Which version of Dgraph are you using?

v20.03.1 - I made bulkier requests, (400 upserts in a request up from 10) and that helped a good deal. Up from 50 upserts/s to 1000s, but that seems to be my ceiling. This is a small sample of the type of requests I’m making. Mostly Im attempting to create nodes with external IDs with some relations

dgtest (5.8 KB)

Are you making these requests concurrently and stuff? Is Dgraph maxing out the CPU core allocation?

Actually, looking at the mutations, looks like there are only two predicates being used xid and project. That might be causing only 2 goroutines to be doing all the writing – one per predicate. That wouldn’t give you great performance.

@ashishgoswami: Perhaps we can look into running more mutations concurrently within the same predicate.

1 Like

Yup I have a 3 processes, each one connected to a different alpha. CPU doesn’t seem to be maxed, it’s hanging around 8 out of 16 cores. Memory usually hangs around 10gb of 30gb. I tried to take some jaeger traces (there was some rreeeally slow ones when I was doing batch sizes of 10 (handleUidPostings spans were over 2 seconds), however with my bigger batch sizes I don’t catch any anomalous multi-second traces.

Are these processes sending these requests serially, or concurrently? You really want to send many requests concurrently. I’d say perhaps 16 in flight all the time, but you can experiment with when does your cores start becoming saturated (>80% usage), and increase or decrease num in flight accordingly.

I created this issue in Github so we can investigate: Run mutations concurrently per predicate in Ludicrous mode · Issue #5403 · dgraph-io/dgraph · GitHub

Ah- they were sending serially. Im upped the concurrency to have ~16 in flight at once. Im seeing increased throughput (up to 2k/s from 1k/s), however Im struggling to get the cpu util up without blowing out the memory util first. Im guessing this has to do with the load being so heavy on xid over any other predicate. Here’s the resources- the memory will climb until 30gb when it oomkills. Cpu on the loaded alpha is ~60-70%

If you want to debug, you can take a Go heap profile when the memory usage is high. We can have a look at it and see what we find.

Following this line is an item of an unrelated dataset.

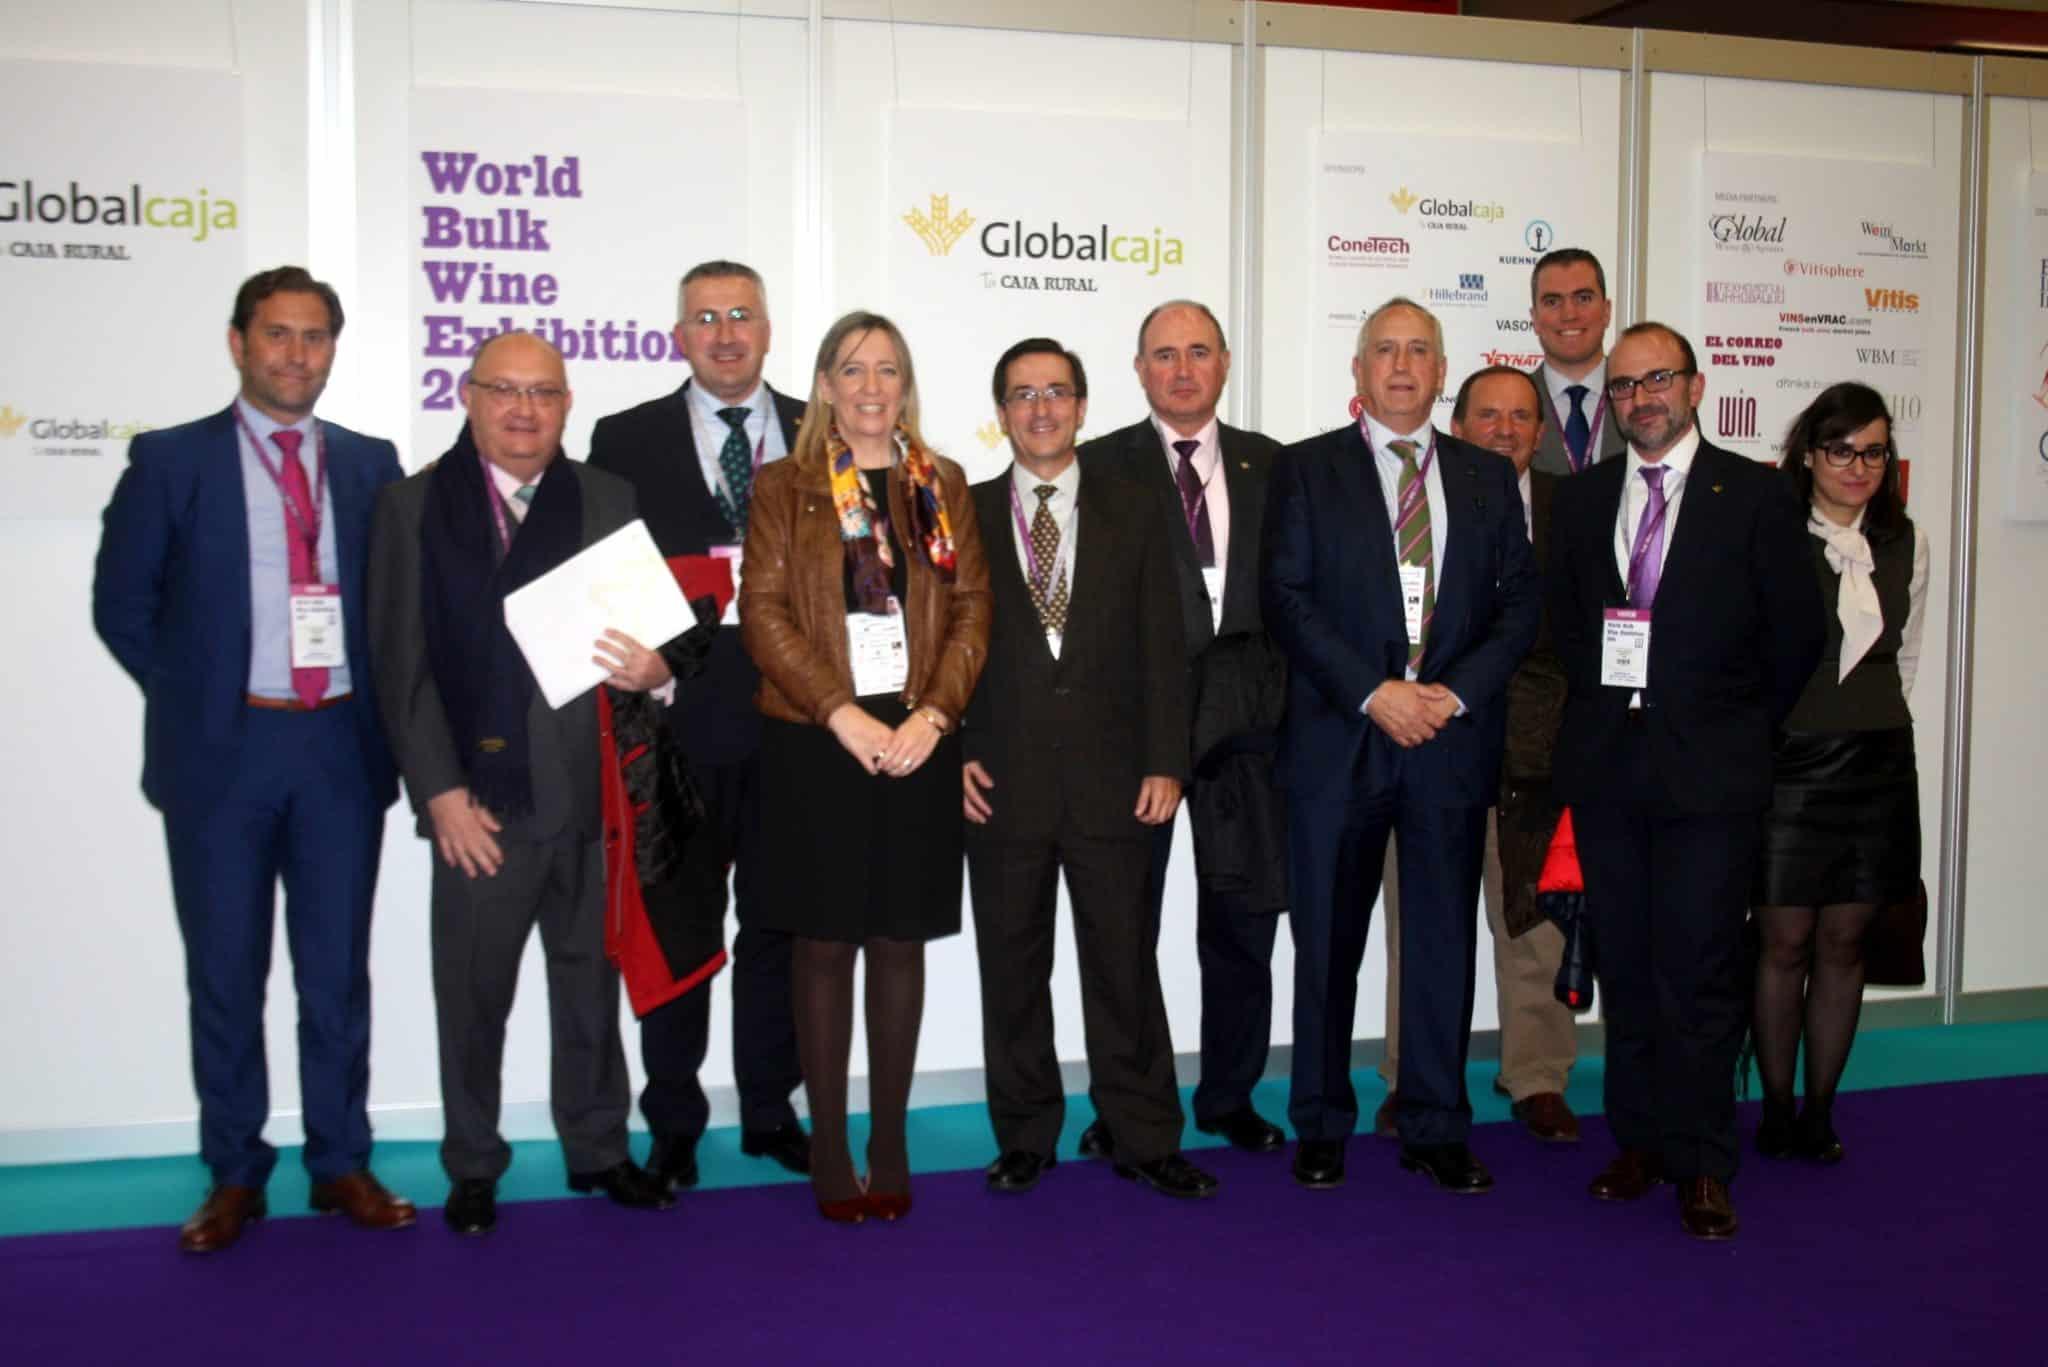 El vino de Castilla La Mancha, en la 'primera división' mundial de caldos en la World Bulk Wine Exhibition

https://dgraph.io/docs/howto/#profiling-information

Sure I’ll grab one in a moment- however when I see oomkills like this there’s a huge memory spike on reboot that usually causes another oomkill. I’ll try to grab a snapshot at the top but unsure if this are two different issues

Here’s the reboot spike
Screen Shot 2020-05-08 at 4.59.32 PM

Hi Sean - we could also schedule a quick call with one of our Dgraph engineers next week if you would be interested. Please let me know. I can be reached here or at derek@dgraph.io

Grabbed a heap snapshot near the top- once a node is oomkilled, each alpha gets into an oomkill loop. I saw some tickets related to high memory usage on badger restores- maybe related? Unsure if this heap snapshot exhibits my original oomkill from heavy load, or the oomkill from reboot (perhaps they are the same root cause)

EDIT: This is while tracing is still on, which I realize is probably taking a good bit of the mem- Ill grab a cleaner one
pprof.dgraph.alloc_objects.alloc_space.inuse_objects.inuse_space.012.pb.gz (66.3 KB)

Here you can see them struggling to come back online

@dereksfoster99 Sure, that would be great.